Information shown |
Content starts

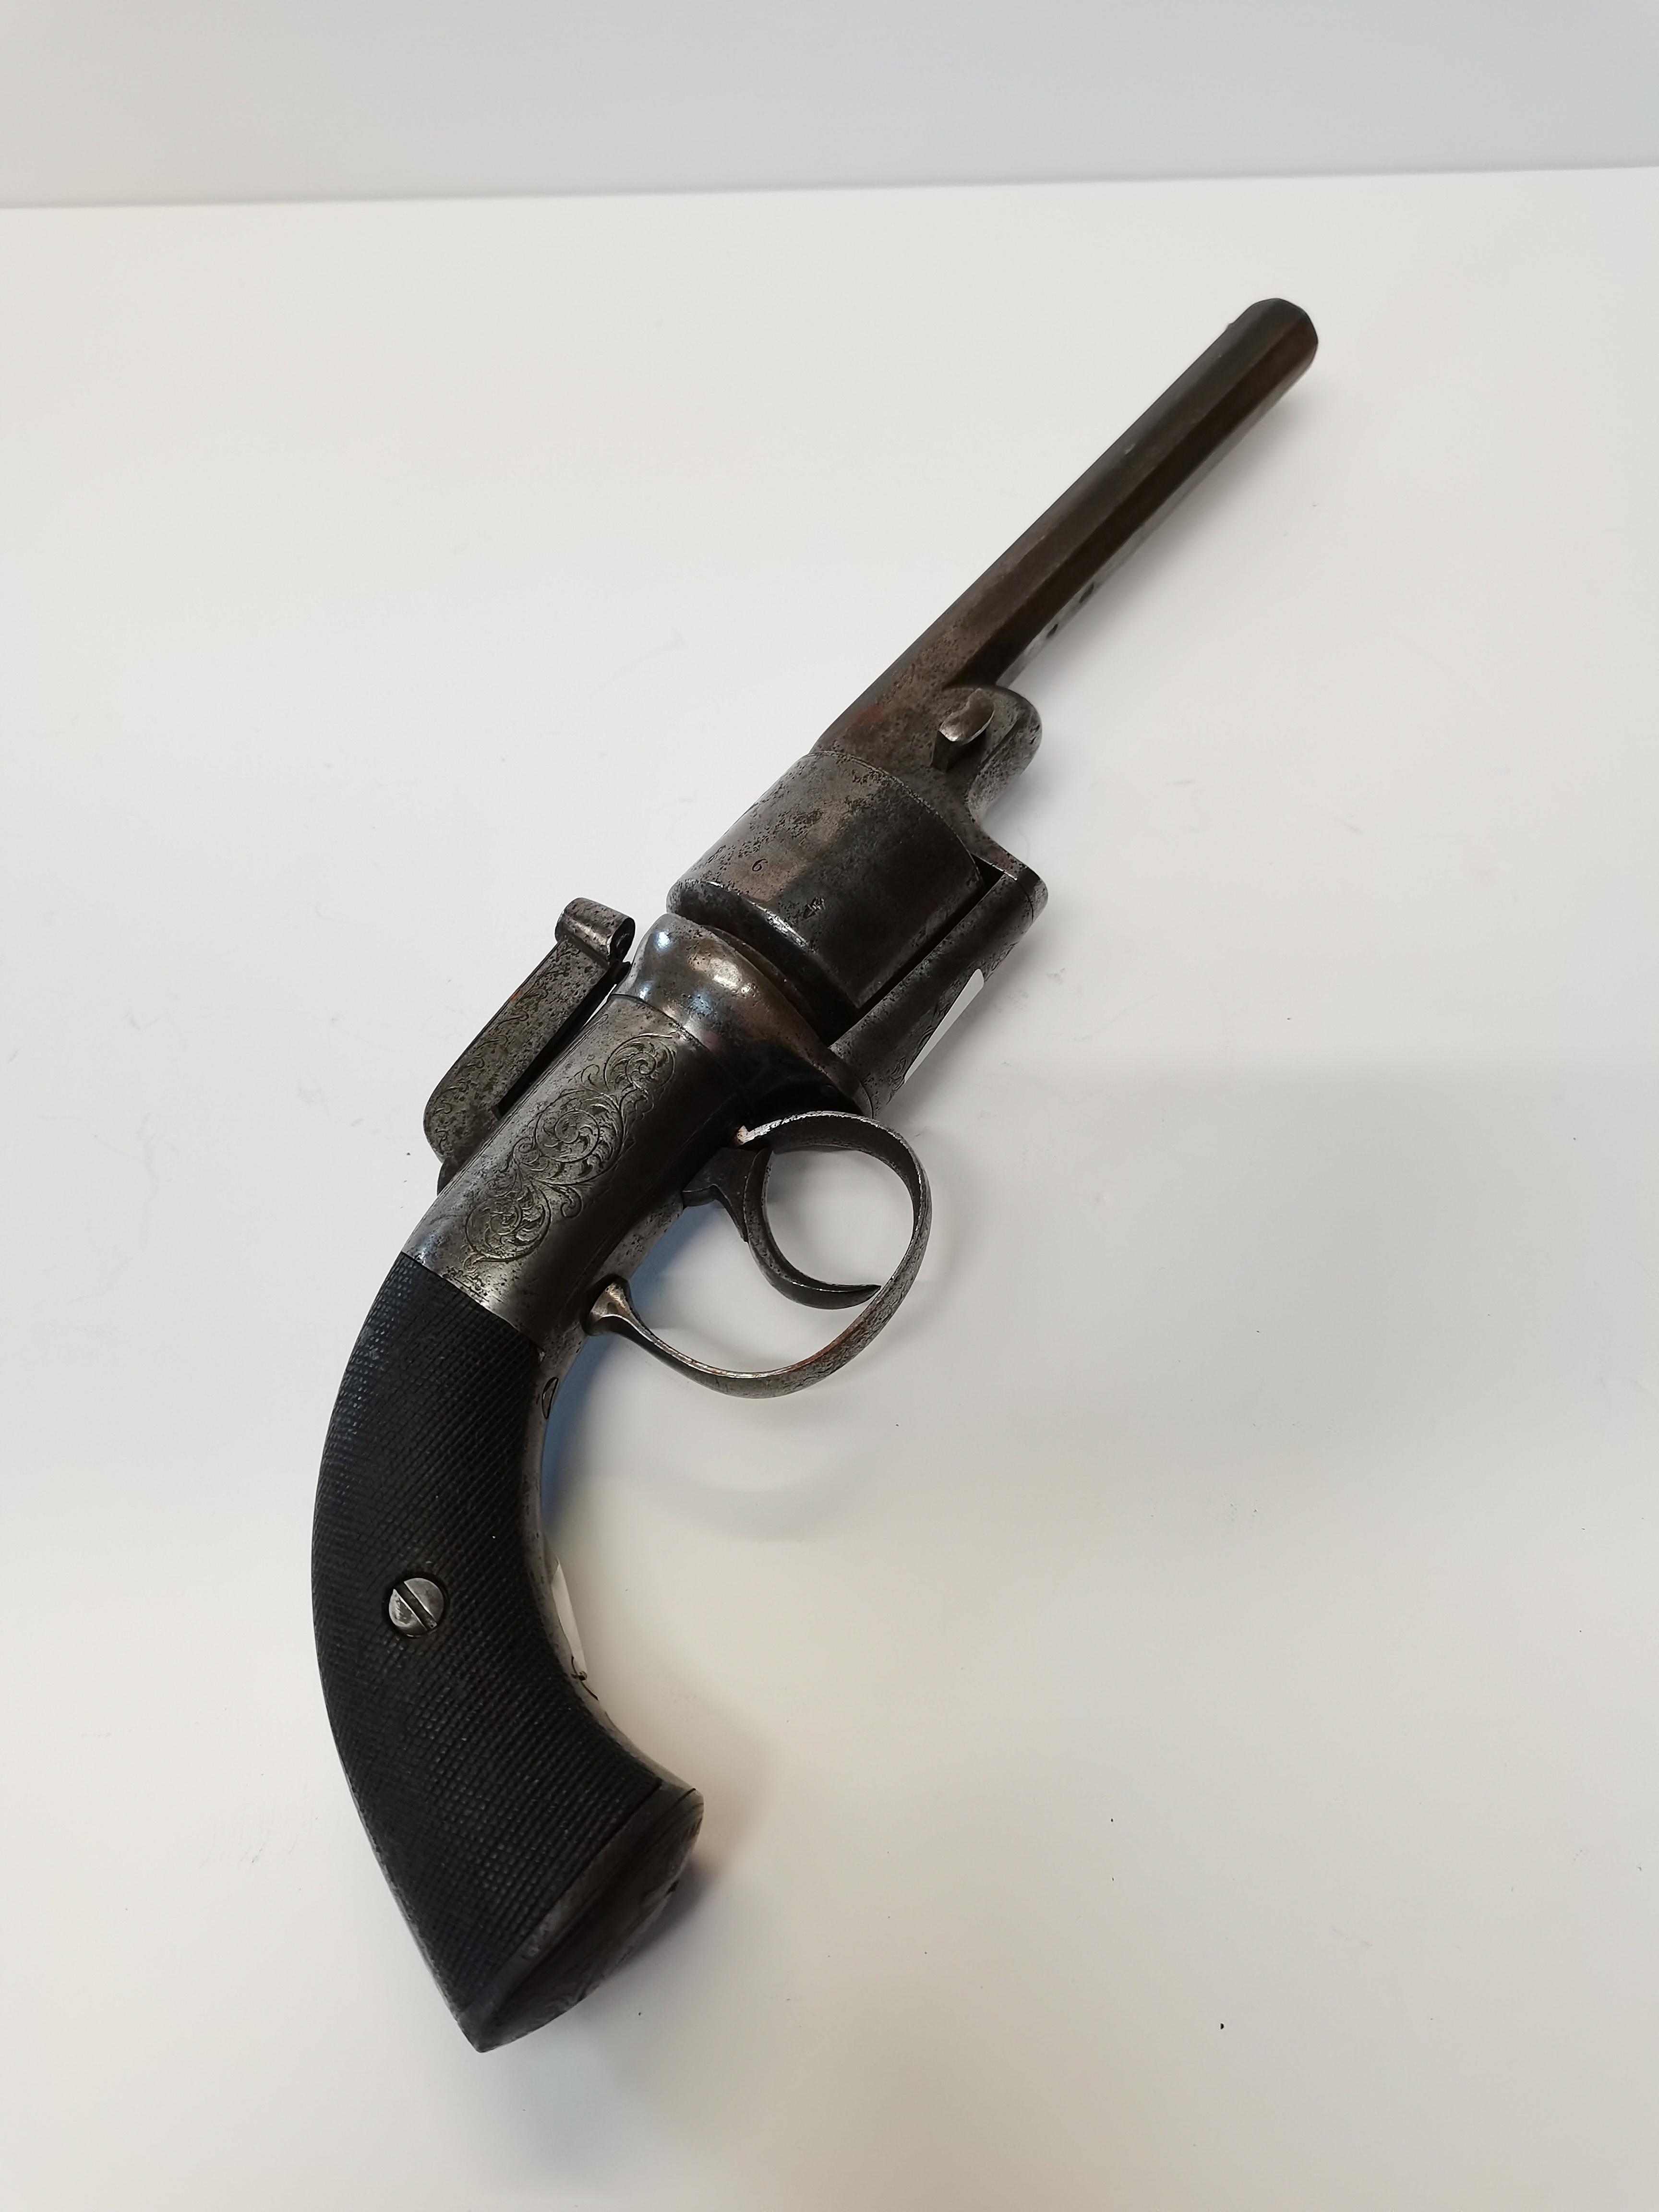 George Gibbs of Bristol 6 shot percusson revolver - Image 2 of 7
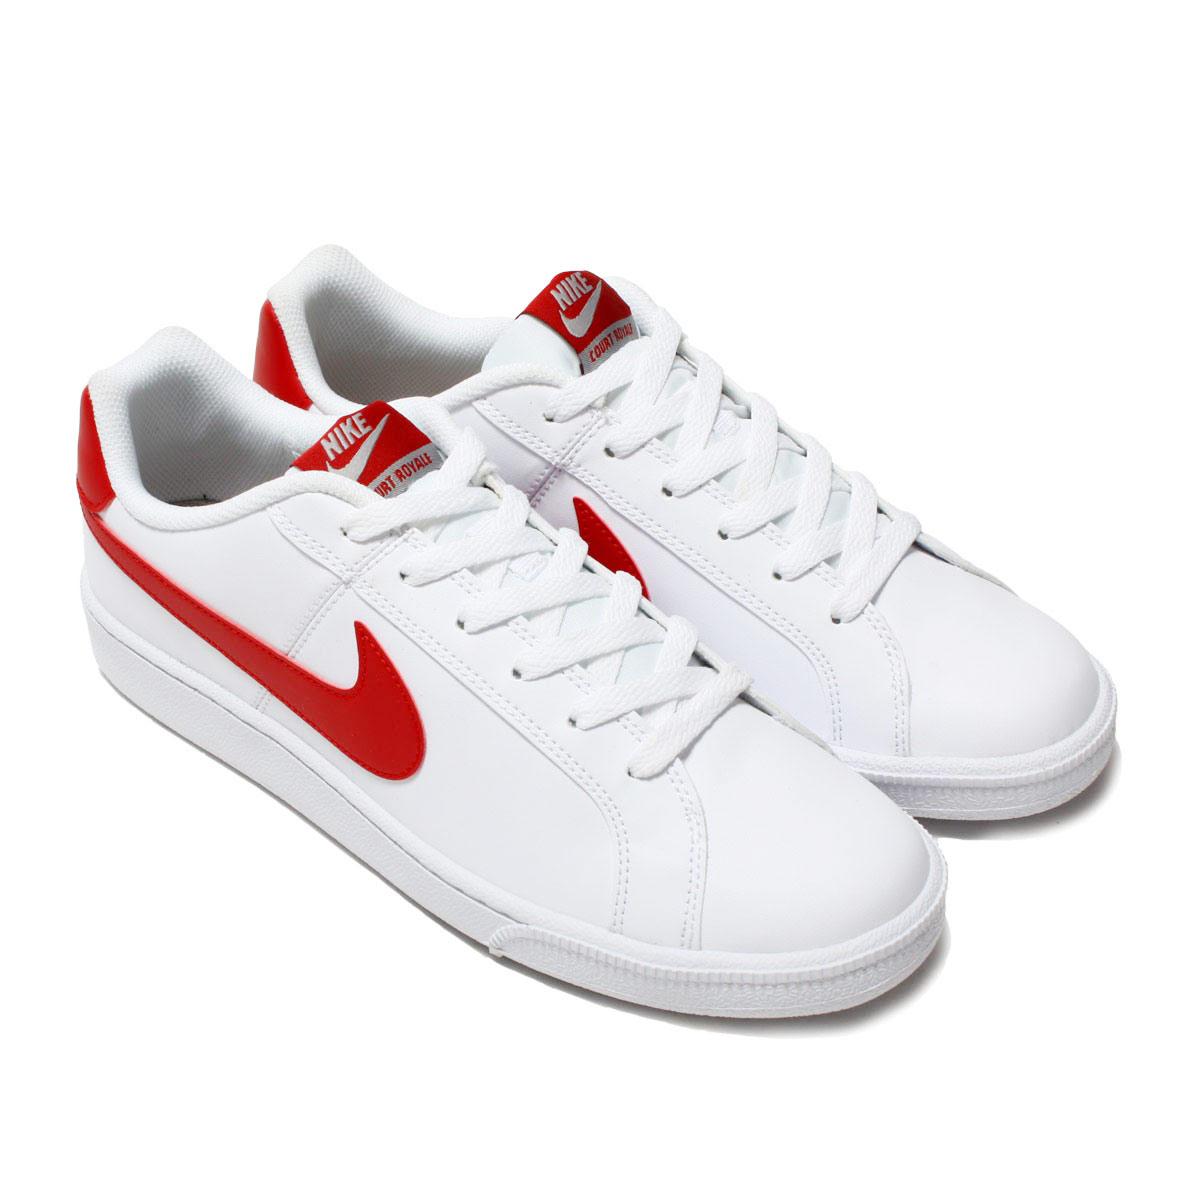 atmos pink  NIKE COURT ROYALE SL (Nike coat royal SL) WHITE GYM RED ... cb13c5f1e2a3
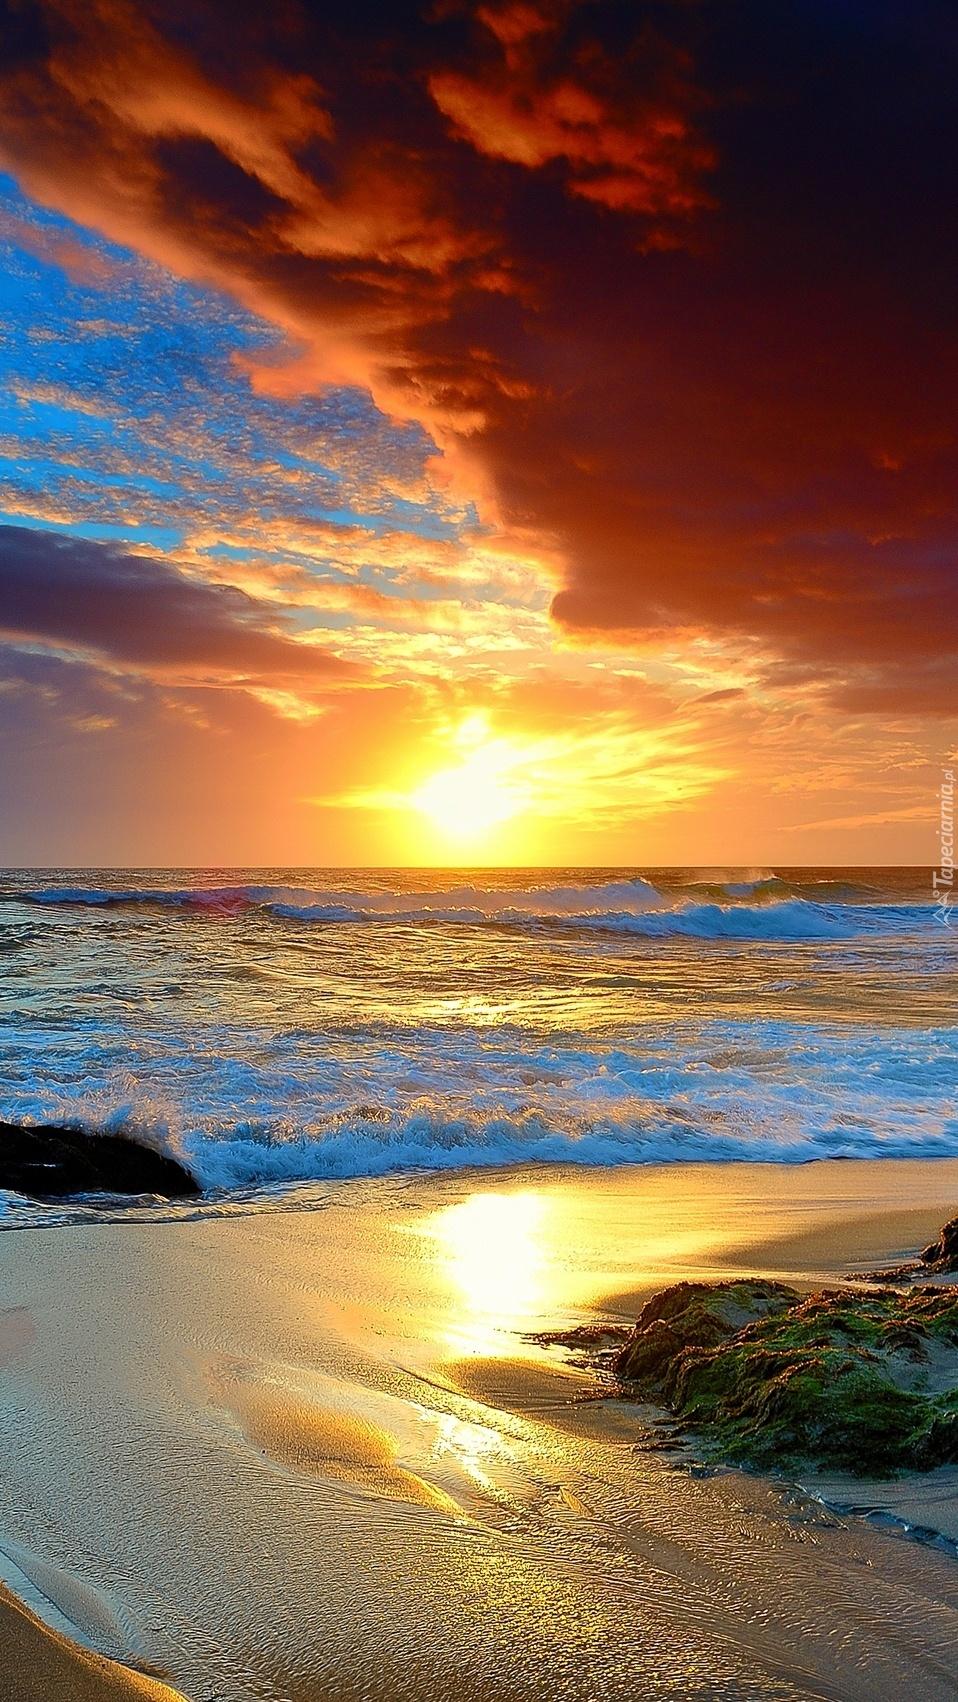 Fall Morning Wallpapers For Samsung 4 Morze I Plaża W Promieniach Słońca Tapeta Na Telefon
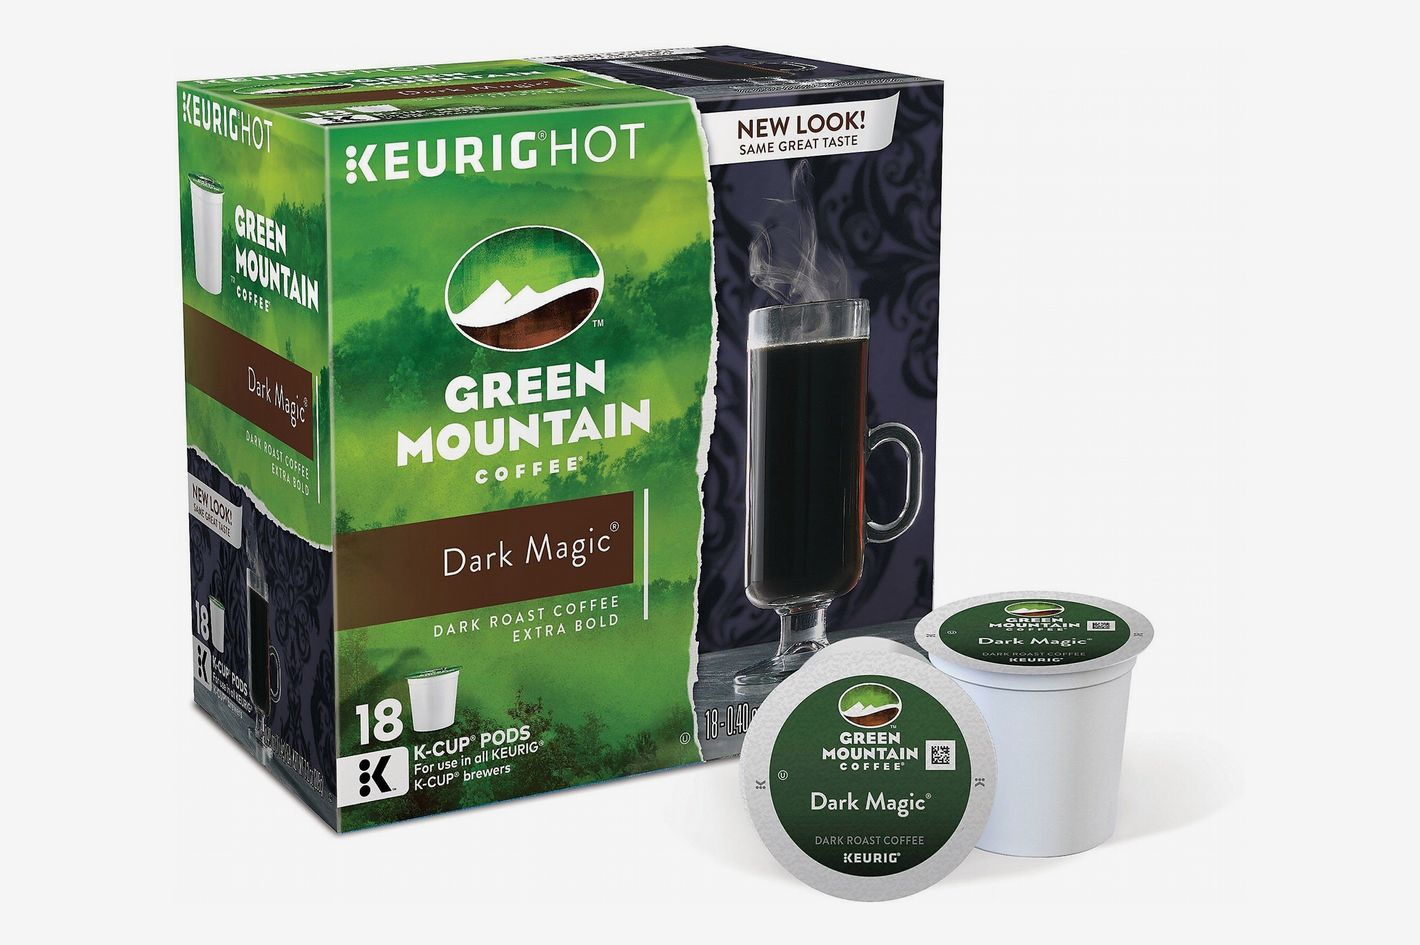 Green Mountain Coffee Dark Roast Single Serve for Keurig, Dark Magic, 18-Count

Content ends

About this task |
Give back all the data exactly, minus pictures.

Task result |
 George Gibbs of Bristol 6 shot percusson revolver - Image 2 of 7
 atmos pink  NIKE COURT ROYALE SL (Nike coat royal SL) WHITE GYM RED ... cb13c5f1e2a3
 Fall Morning Wallpapers For Samsung 4 Morze I Plaża W Promieniach Słońca Tapeta Na Telefon
 Green Mountain Coffee Dark Roast Single Serve for Keurig, Dark Magic, 18-Count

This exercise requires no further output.